Records for the exercise:
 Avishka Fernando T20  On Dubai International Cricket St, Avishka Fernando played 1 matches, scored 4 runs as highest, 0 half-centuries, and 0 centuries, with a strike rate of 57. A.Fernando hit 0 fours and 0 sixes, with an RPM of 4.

--

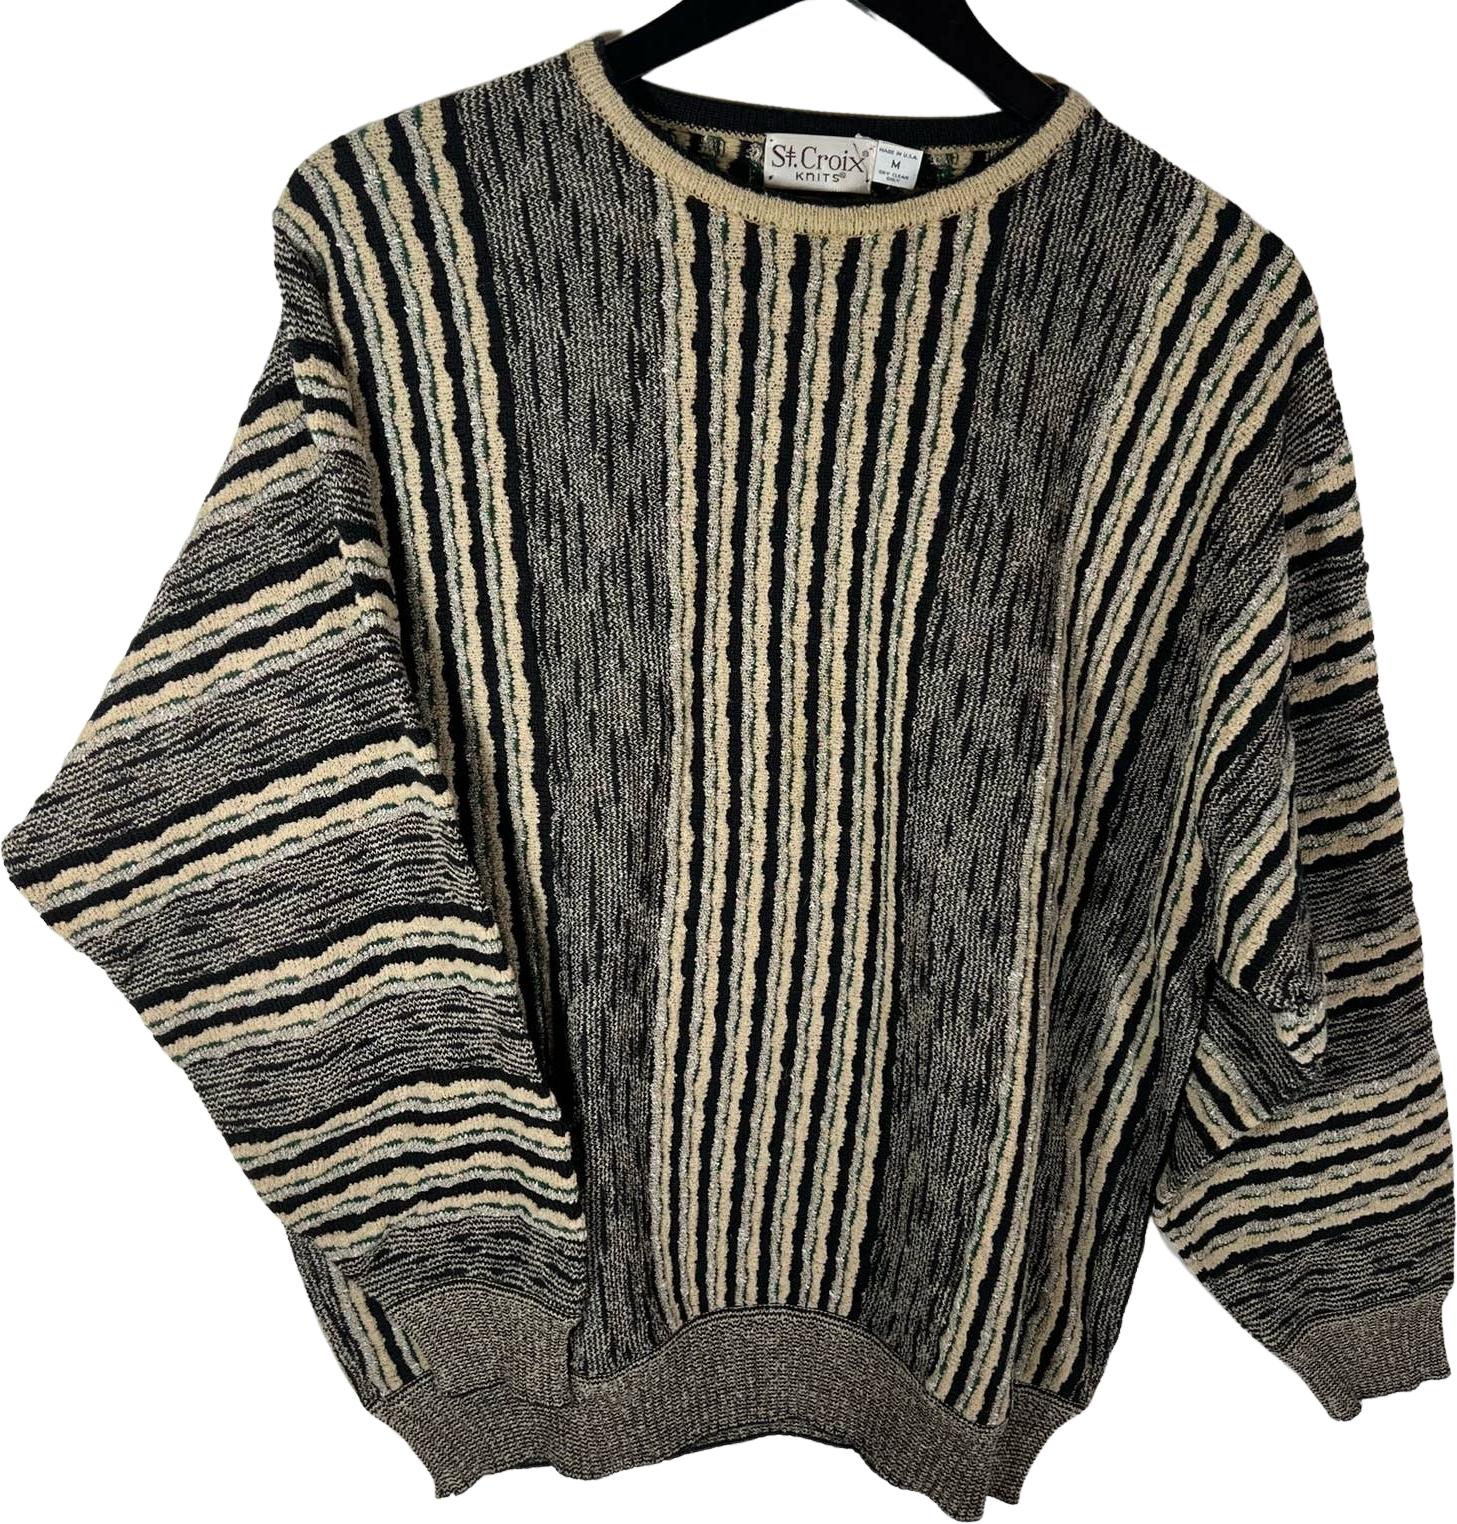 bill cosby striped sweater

--

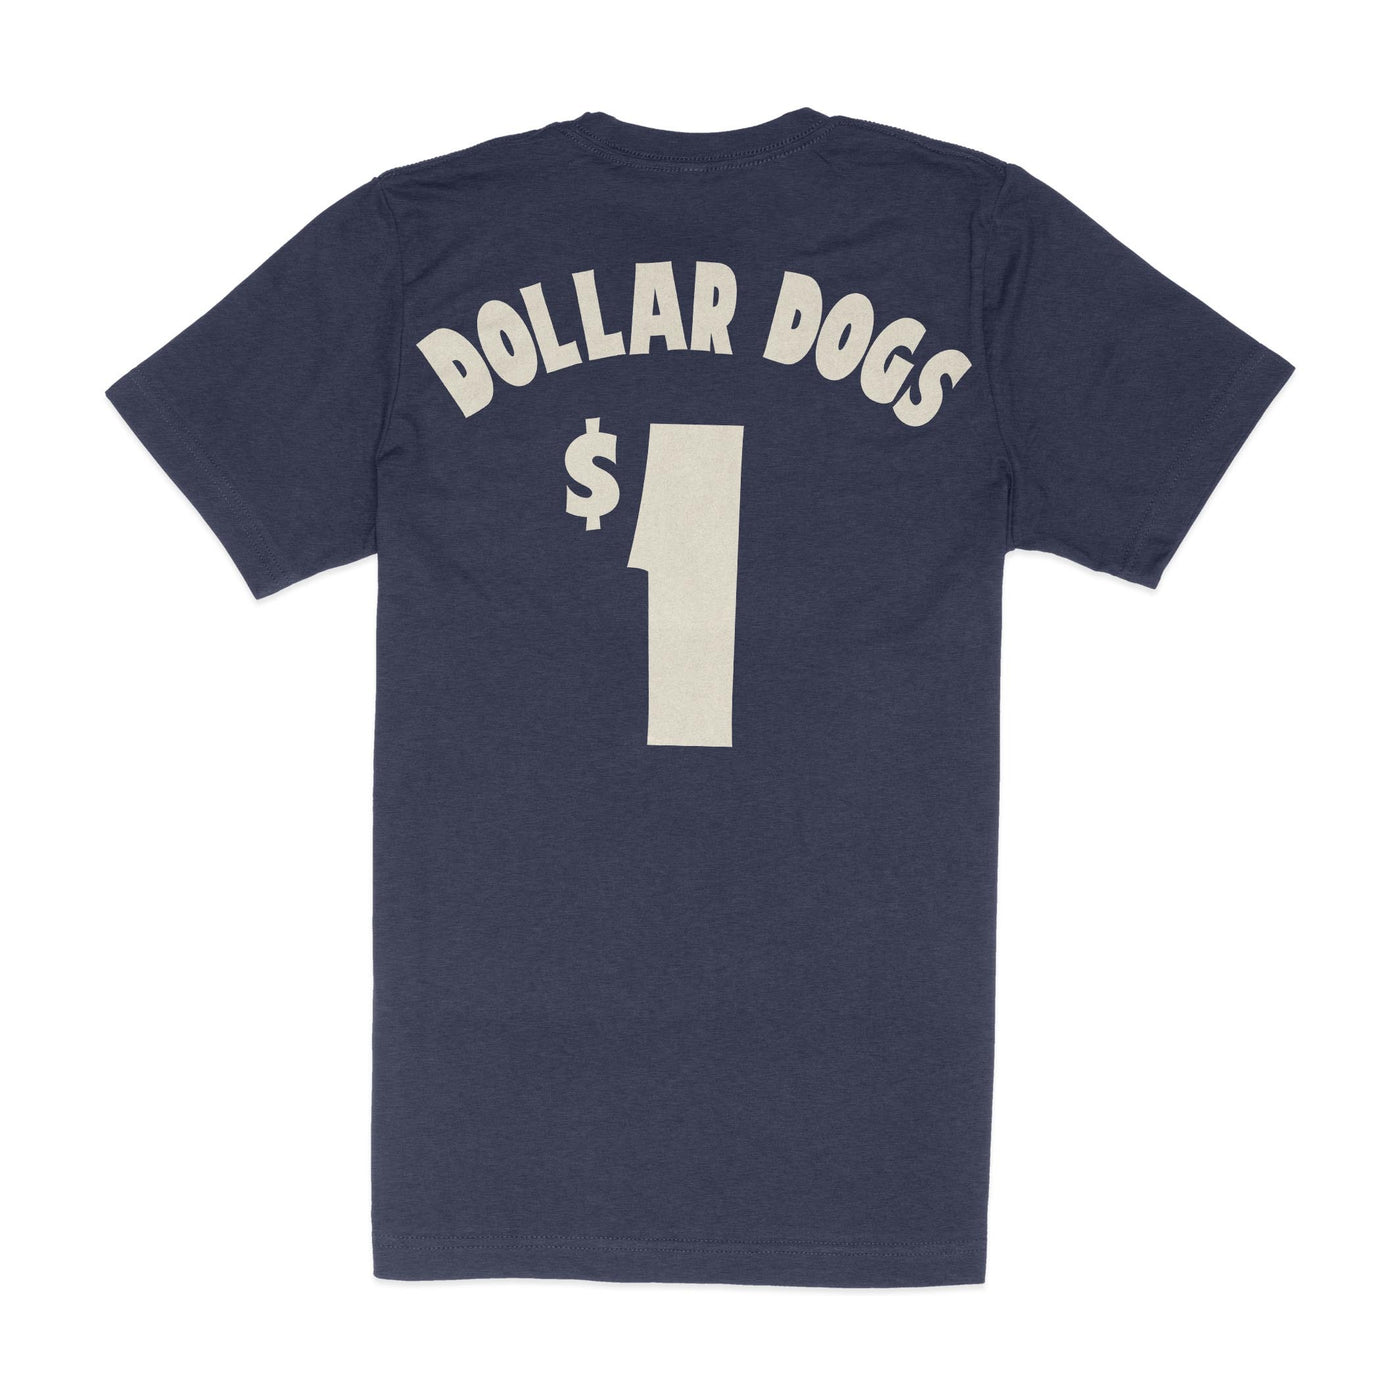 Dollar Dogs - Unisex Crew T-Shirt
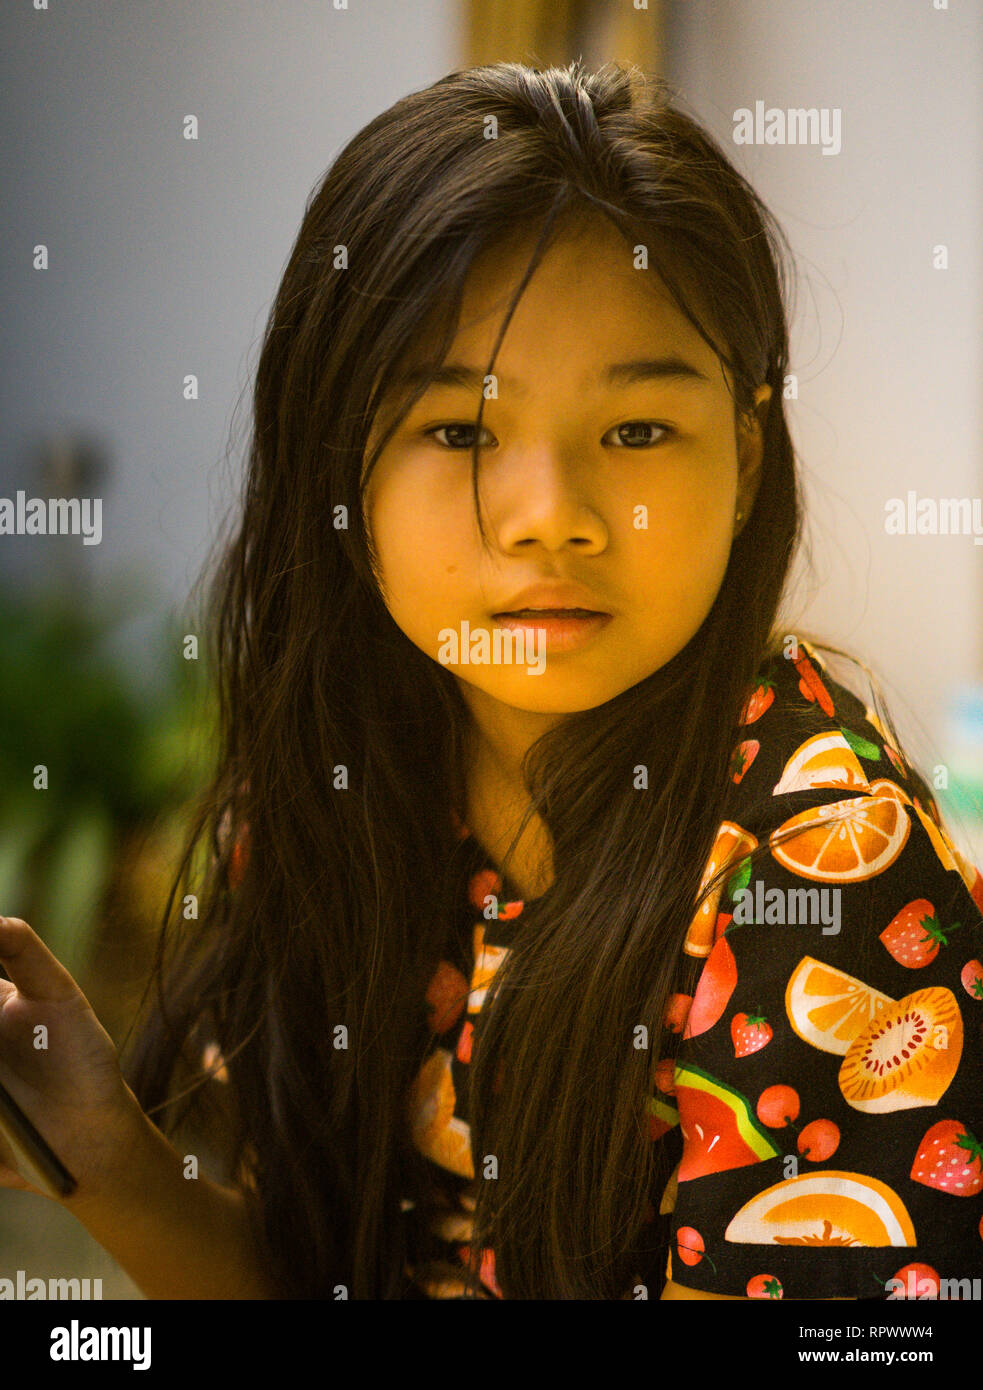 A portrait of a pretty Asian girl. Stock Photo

Exercise prompt: Keep to the lines above from the line with "Dollar Dogs - Unisex Crew T-Shirt" to the line with "A portrait of", and set down exactly those, inclusive, with nothing else and every picture left out.

Response area:
 Dollar Dogs - Unisex Crew T-Shirt
 A portrait of a pretty Asian girl. Stock Photo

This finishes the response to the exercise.